• Task details: Should a picture appear anywhere in the data, omit it and copy everything else exactly.

*** Opening of Information shown ***

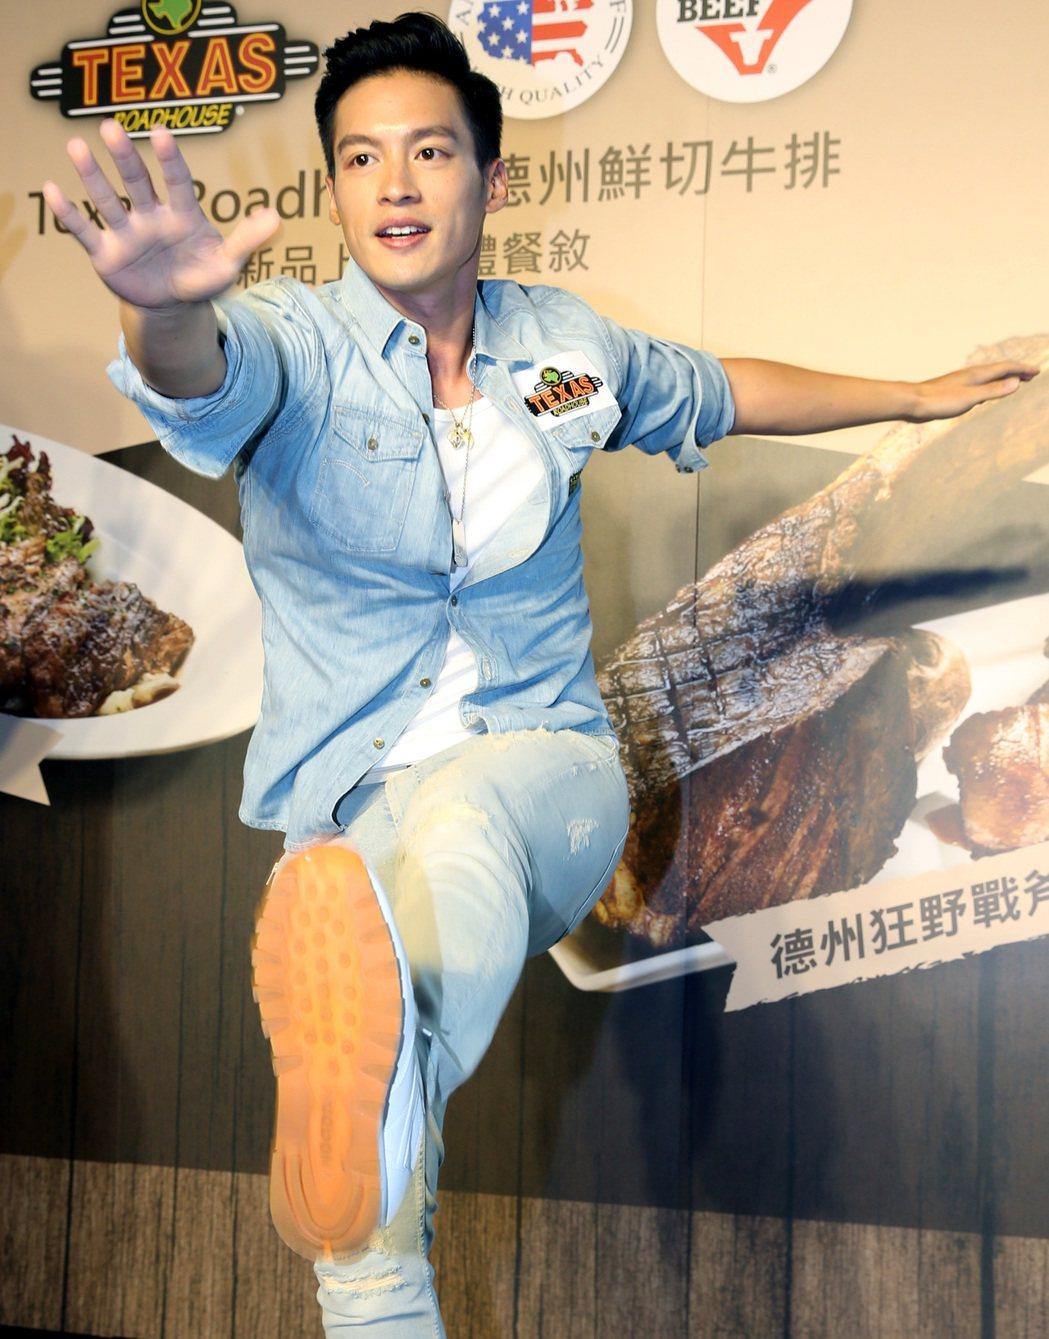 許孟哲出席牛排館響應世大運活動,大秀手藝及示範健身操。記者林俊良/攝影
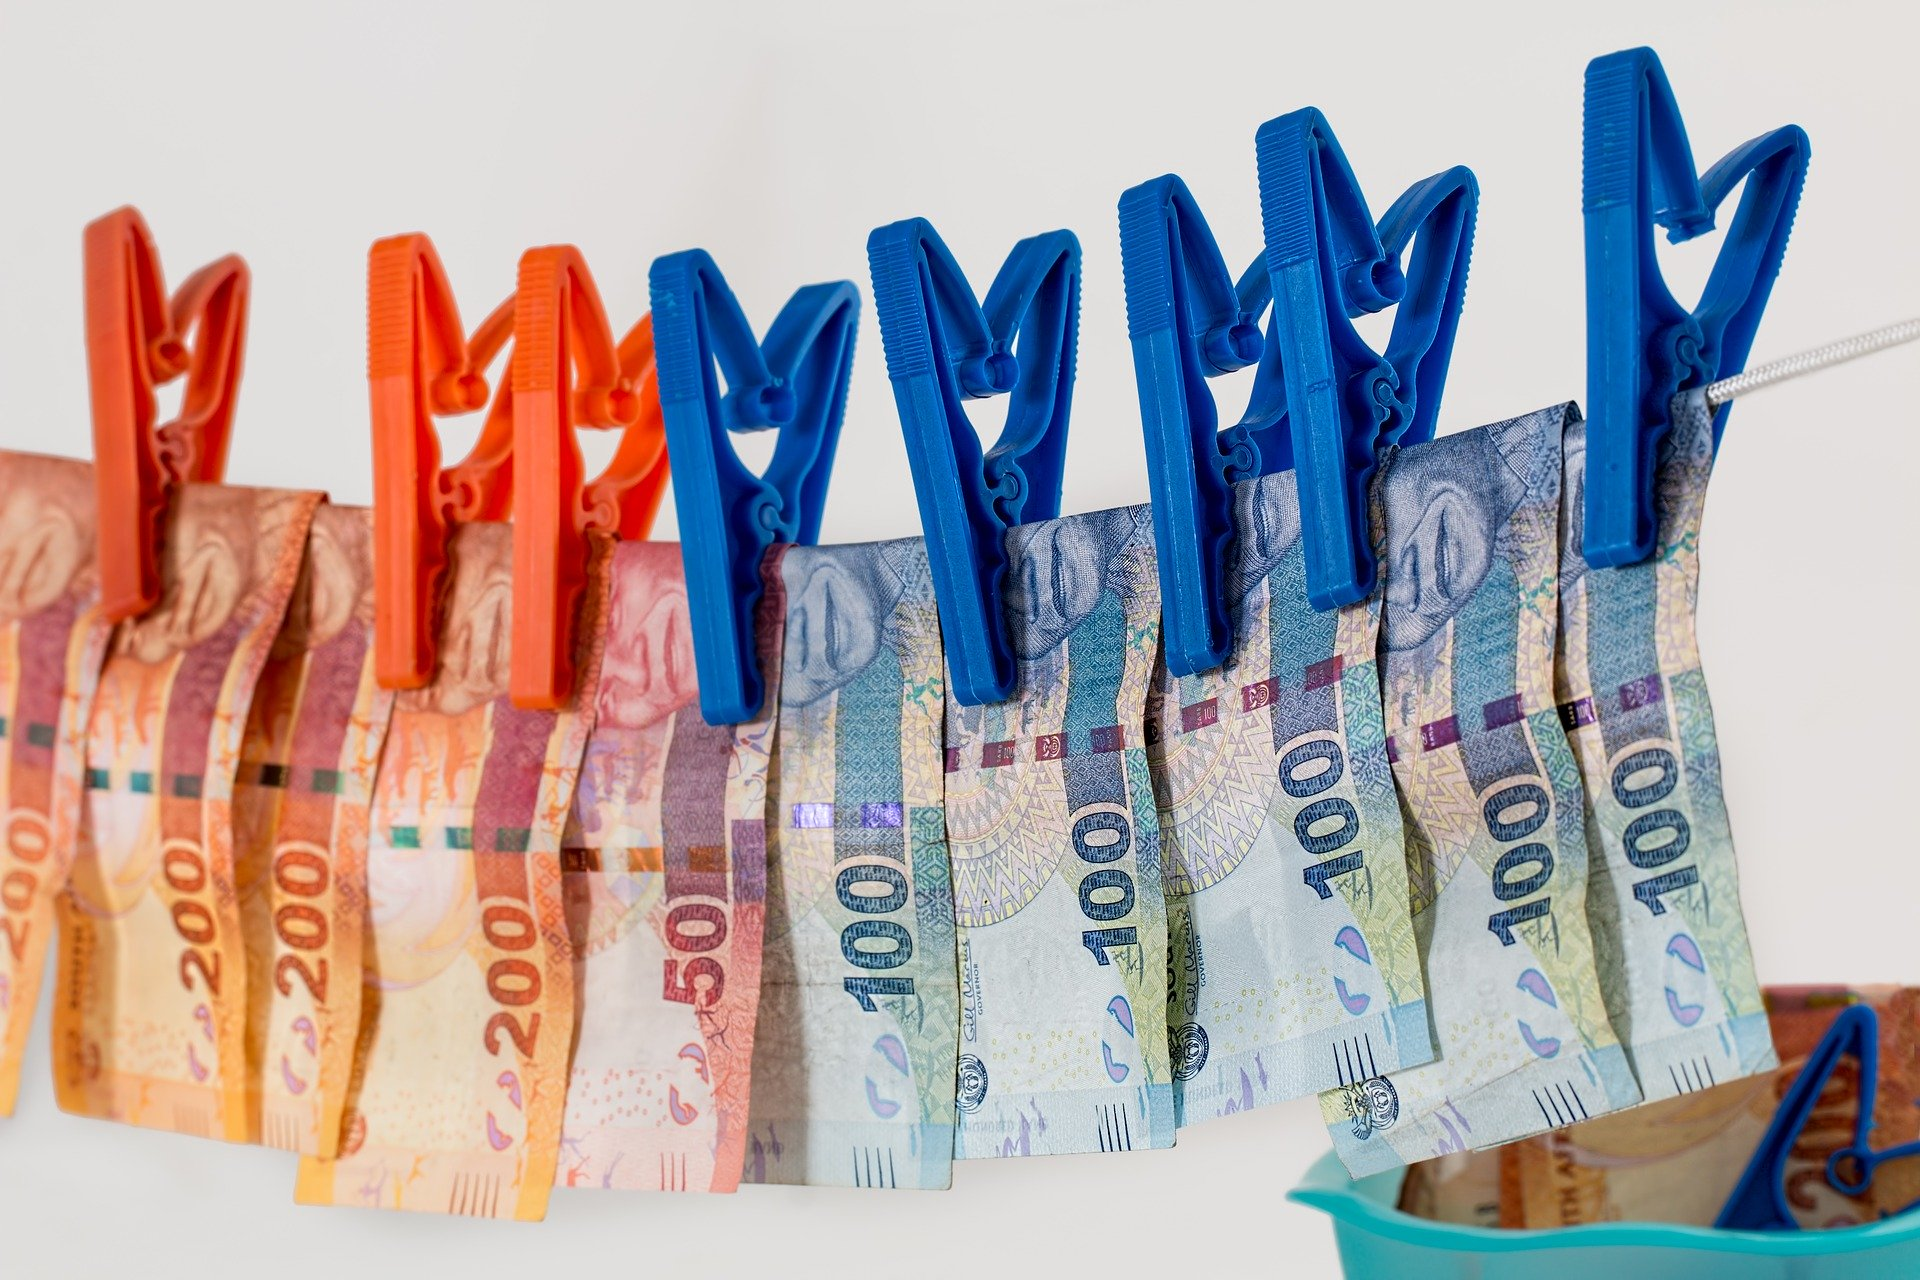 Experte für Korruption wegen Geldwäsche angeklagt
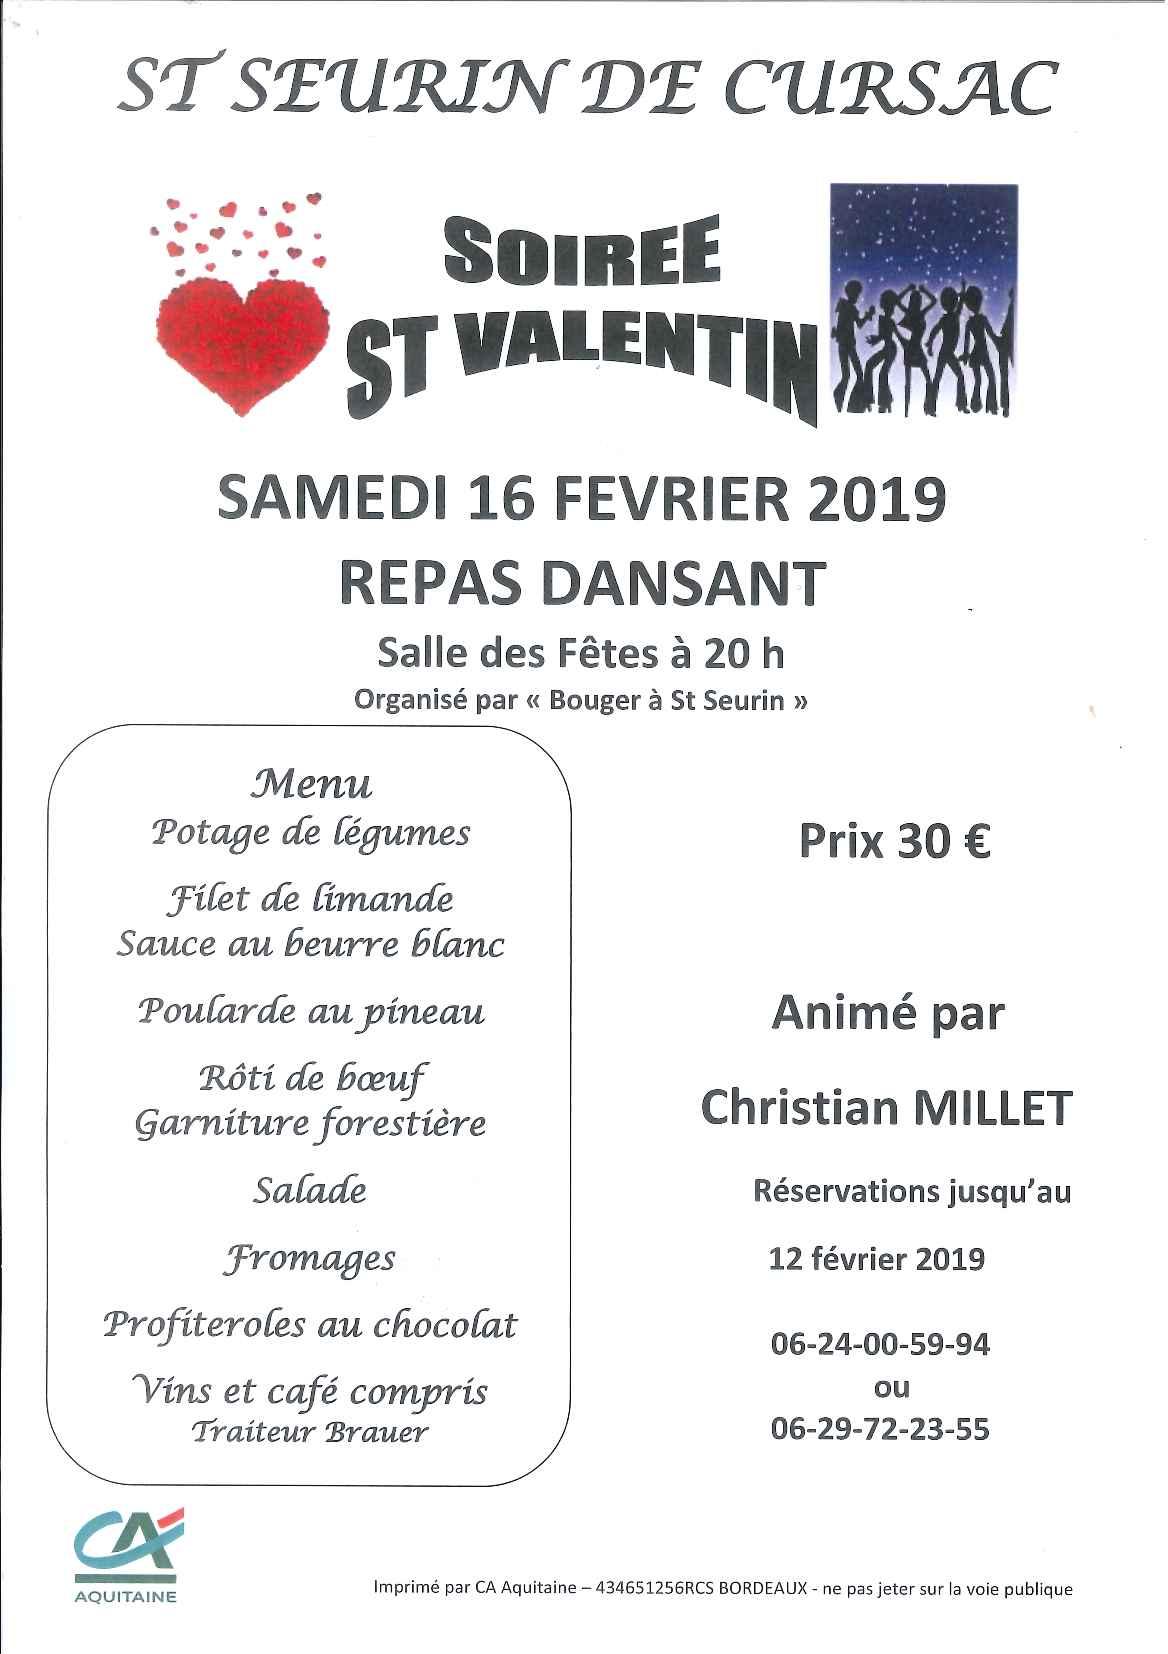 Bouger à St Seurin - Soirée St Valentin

*** Close of Information shown ***

• Result below:
 許孟哲出席牛排館響應世大運活動,大秀手藝及示範健身操。記者林俊良/攝影
 Experte für Korruption wegen Geldwäsche angeklagt
 Bouger à St Seurin - Soirée St Valentin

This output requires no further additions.